LES FAUX MONNAYEURS
Ce sont des artistes,un peu des aristos
Au regard doux et triste, noyé d’indigo,
Qui signent, qui signent, qui signent en rêvant,
Des liasses, des liasses, de billets de mille francs
Quelque part nous sommes tous des faux monnayeurs.
Pour s’en convaincre, il est nécessaire de bien comprendre ce qu’est la monnaie et quel est son rôle.
La monnaie, c’est l’intermédiateur des
échanges de biens et de services. Son rôle est exactement
le même que celui du lubrifiant qui permet à un
mécanisme de fonctionner. Pas assez d’huile et le
mécanisme grippe. Trop d’huile et le mécanisme peut
surchauffer. Les ingénieurs le savent : au lieu de
s’ordonner gentiment en couches laminaires qui glissent les unes
sur les autres, l’huile en excédent va former de petits
tourbillons indisciplinés qui transforment de
l’énergie mécanique en chaleur.
La monnaie en quantité suffisante peut être
qualifiée de « bonne monnaie ». En quantité
excessive, elle devient de la « mauvaise monnaie ».
On a coutume de dire que la mauvaise monnaie chasse la bonne. Disons
plutôt qu’elle la submerge, parce qu’il est difficile
de distinguer la bonne de la mauvaise monnaie.
Traditionnellement, la monnaie émise par les banques centrales
est considérée comme bonne.

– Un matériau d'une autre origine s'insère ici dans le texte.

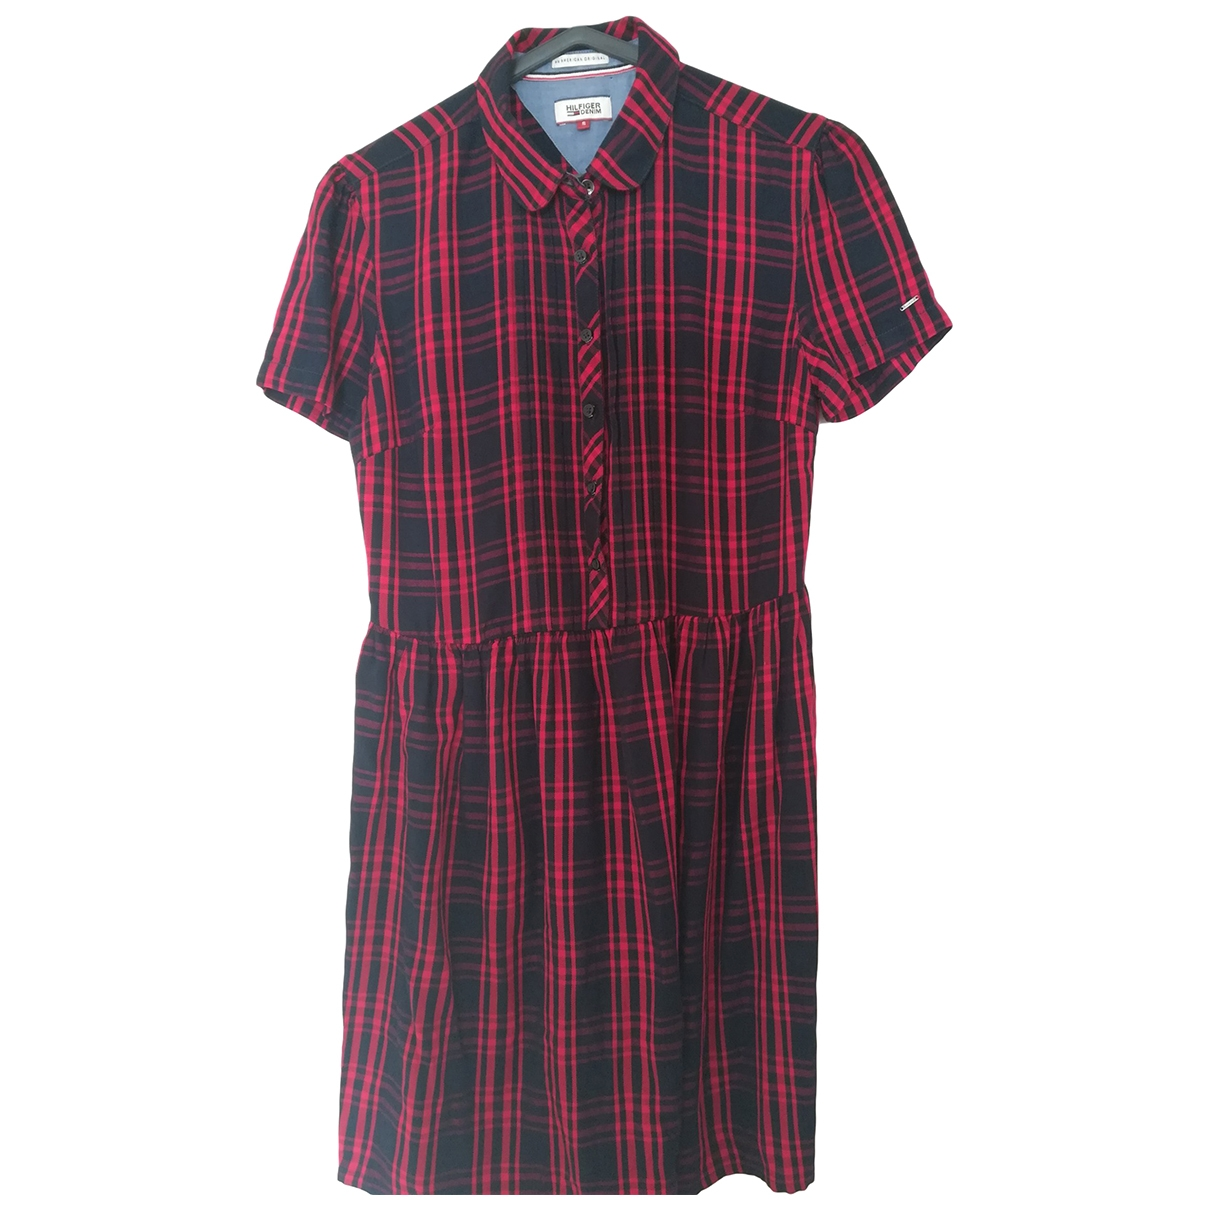 Hilfiger Collection \N Kleid in  Blau Baumwolle

Celle issue de la
contrefaçon, comme mauvaise.
Les banques centrales essayent de maintenir leur monopole en marquant
les billets authentiques pour qu’on puisse les distinguer des
billets contrefaits.
Mais si un jour la quantité de faux billets dépassait de
beaucoup celle des billets émis par le monopole d’Etat, il
serait bien difficile de refouler les faux billets qui se seraient fait
une place dans l’économie réelle.
On peut même prédire que, suivant la loi naturelle selon
laquelle ce qui est rare est cher, le cours des vrais billets
deviendrait supérieur à leur valeur faciale.
Involontairement, les banques centrales seraient devenues pour le moins
complices des faux-monnayeurs, puisqu’elles profiteraient de la
plus-value de leurs billets !
Caractéristiques de la fausse monnaie
En fait, il n’y a pas besoin de contrefaçon pour
générer de la mauvaise monnaie. J’entends par
mauvaise monnaie, la part de cet intermédiateur qui est
utilisée à des échanges dont on pourrait se
dispenser, à des échanges non vitaux.
Les exemples de mauvaise monnaie « officielle » ne manquent pas dans l’histoire de France.

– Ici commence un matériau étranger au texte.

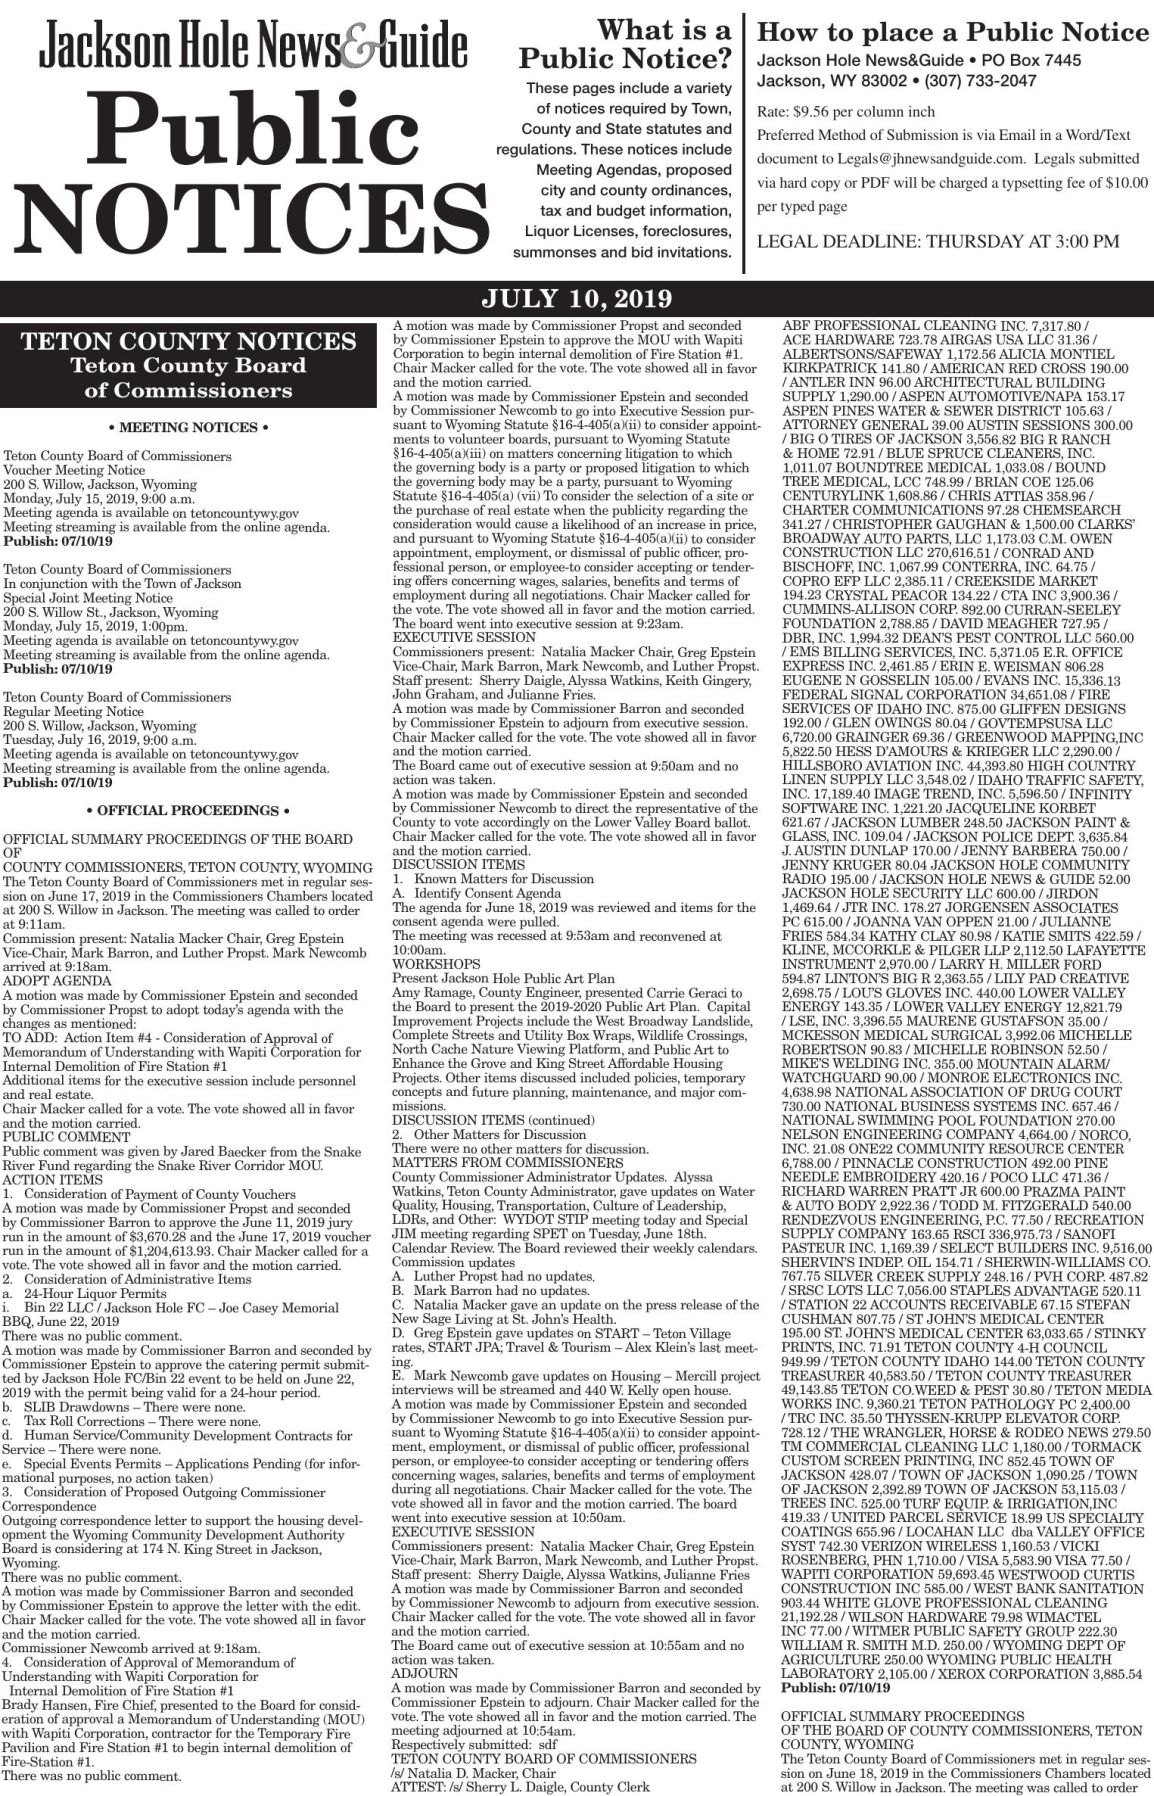 Public Notices, July 10, 2019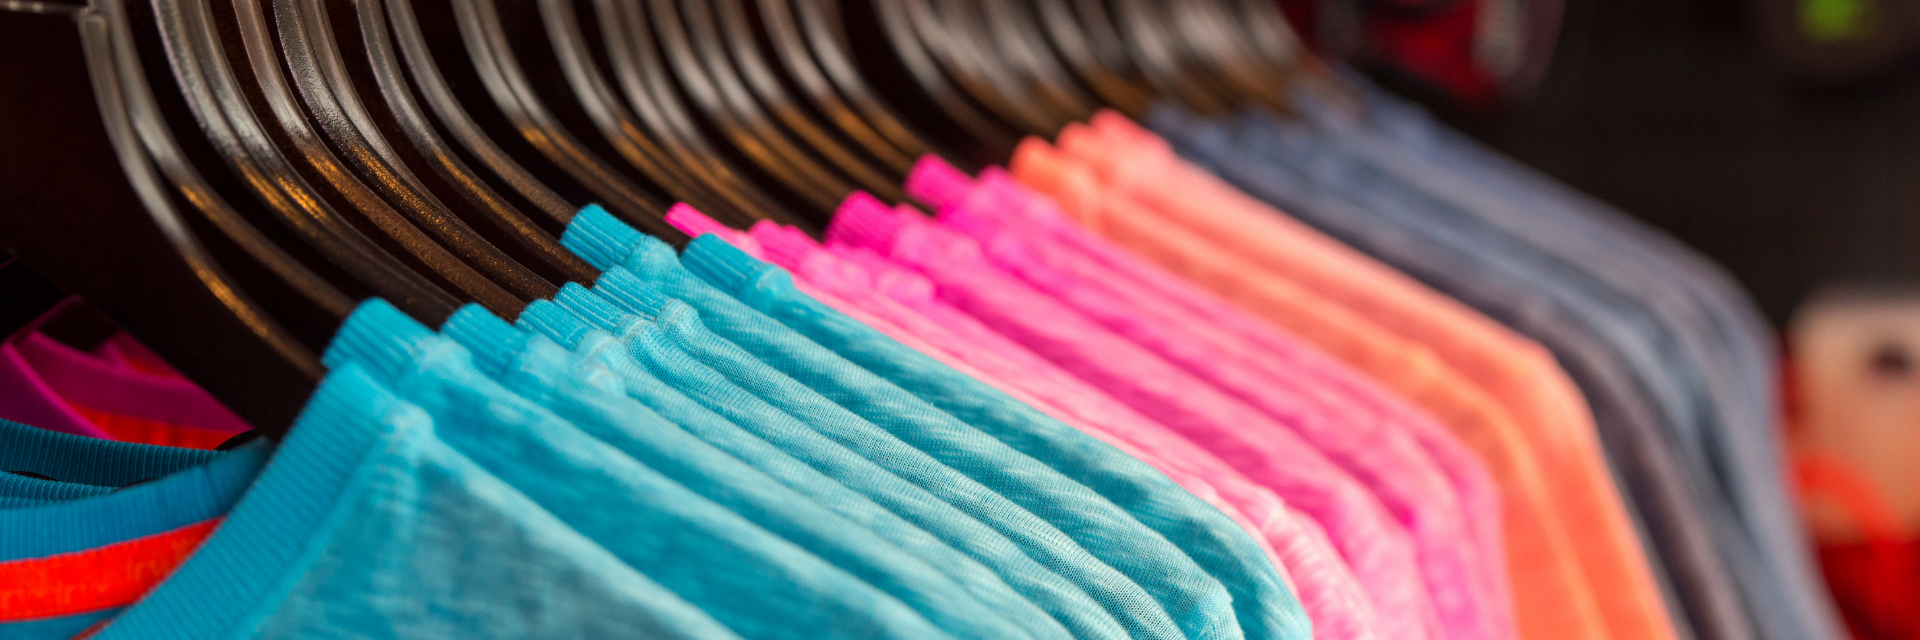 branza tekstylna

Les rois, pour renflouer leur trésor, ont constamment
procédé à la diminution du poids d’or et
d’argent contenu dans les pièces de monnaie, tout en
gardant la même appellation et la même apparence.
L’Eglise de Rome décide de confier au roi le
dixième de ses revenus, qui étaient importants à
cette époque, pour lui permettre de lever une armée et
reconquérir la Terre Sainte. Au bout de dix ans, toujours pas de
croisade. Le roi avait utilisé cette subvention pour financer
ses propres guerres de conquête et agrandir son royaume.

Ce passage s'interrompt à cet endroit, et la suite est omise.